TO DO: Starting with the first line below, reproduce each line exactly until you have included the one bearing "WetBrush Pet Brush".

EXERCISE INPUT:
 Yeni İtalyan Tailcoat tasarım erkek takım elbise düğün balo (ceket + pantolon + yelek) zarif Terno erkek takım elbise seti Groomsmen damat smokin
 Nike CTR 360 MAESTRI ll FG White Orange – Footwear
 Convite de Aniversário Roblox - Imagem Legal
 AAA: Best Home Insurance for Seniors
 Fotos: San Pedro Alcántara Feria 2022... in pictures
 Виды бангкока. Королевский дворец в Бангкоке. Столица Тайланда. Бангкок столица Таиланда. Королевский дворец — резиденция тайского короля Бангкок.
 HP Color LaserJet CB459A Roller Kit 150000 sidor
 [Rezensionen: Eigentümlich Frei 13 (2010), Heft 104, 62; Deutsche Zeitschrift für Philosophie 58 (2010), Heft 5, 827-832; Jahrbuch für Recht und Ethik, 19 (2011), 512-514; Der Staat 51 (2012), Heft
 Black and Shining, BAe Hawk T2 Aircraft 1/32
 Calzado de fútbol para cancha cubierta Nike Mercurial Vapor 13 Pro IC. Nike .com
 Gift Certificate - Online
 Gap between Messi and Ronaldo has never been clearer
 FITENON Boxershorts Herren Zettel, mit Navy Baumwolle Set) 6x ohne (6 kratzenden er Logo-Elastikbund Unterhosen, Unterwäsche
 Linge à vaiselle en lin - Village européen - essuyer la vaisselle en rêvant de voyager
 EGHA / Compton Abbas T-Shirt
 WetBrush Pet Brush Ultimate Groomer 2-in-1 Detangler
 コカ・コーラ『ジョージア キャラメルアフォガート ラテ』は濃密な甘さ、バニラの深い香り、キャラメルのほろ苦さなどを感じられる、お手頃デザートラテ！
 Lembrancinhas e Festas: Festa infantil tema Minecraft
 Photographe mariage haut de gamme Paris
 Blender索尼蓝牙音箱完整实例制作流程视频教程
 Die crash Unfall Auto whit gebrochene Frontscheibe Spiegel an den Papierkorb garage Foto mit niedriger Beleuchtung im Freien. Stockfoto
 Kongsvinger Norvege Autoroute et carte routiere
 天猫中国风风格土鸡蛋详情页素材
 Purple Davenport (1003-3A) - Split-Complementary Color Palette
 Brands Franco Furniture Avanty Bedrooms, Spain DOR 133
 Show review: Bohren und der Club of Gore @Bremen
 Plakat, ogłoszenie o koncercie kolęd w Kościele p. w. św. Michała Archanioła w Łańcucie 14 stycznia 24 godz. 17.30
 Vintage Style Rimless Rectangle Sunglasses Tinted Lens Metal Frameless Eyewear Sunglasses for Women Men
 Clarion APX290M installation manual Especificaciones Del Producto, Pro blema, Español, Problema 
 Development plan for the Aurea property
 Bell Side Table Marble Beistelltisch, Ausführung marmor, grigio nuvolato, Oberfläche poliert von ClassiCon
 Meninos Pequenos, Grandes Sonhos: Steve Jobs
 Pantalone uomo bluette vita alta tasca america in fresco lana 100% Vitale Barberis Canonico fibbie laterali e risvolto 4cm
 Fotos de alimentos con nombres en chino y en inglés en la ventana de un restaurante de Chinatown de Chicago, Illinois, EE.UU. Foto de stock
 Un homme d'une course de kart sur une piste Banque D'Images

SOLUTION FOR THIS TASK:
 Yeni İtalyan Tailcoat tasarım erkek takım elbise düğün balo (ceket + pantolon + yelek) zarif Terno erkek takım elbise seti Groomsmen damat smokin
 Nike CTR 360 MAESTRI ll FG White Orange – Footwear
 Convite de Aniversário Roblox - Imagem Legal
 AAA: Best Home Insurance for Seniors
 Fotos: San Pedro Alcántara Feria 2022... in pictures
 Виды бангкока. Королевский дворец в Бангкоке. Столица Тайланда. Бангкок столица Таиланда. Королевский дворец — резиденция тайского короля Бангкок.
 HP Color LaserJet CB459A Roller Kit 150000 sidor
 [Rezensionen: Eigentümlich Frei 13 (2010), Heft 104, 62; Deutsche Zeitschrift für Philosophie 58 (2010), Heft 5, 827-832; Jahrbuch für Recht und Ethik, 19 (2011), 512-514; Der Staat 51 (2012), Heft
 Black and Shining, BAe Hawk T2 Aircraft 1/32
 Calzado de fútbol para cancha cubierta Nike Mercurial Vapor 13 Pro IC. Nike .com
 Gift Certificate - Online
 Gap between Messi and Ronaldo has never been clearer
 FITENON Boxershorts Herren Zettel, mit Navy Baumwolle Set) 6x ohne (6 kratzenden er Logo-Elastikbund Unterhosen, Unterwäsche
 Linge à vaiselle en lin - Village européen - essuyer la vaisselle en rêvant de voyager
 EGHA / Compton Abbas T-Shirt
 WetBrush Pet Brush Ultimate Groomer 2-in-1 Detangler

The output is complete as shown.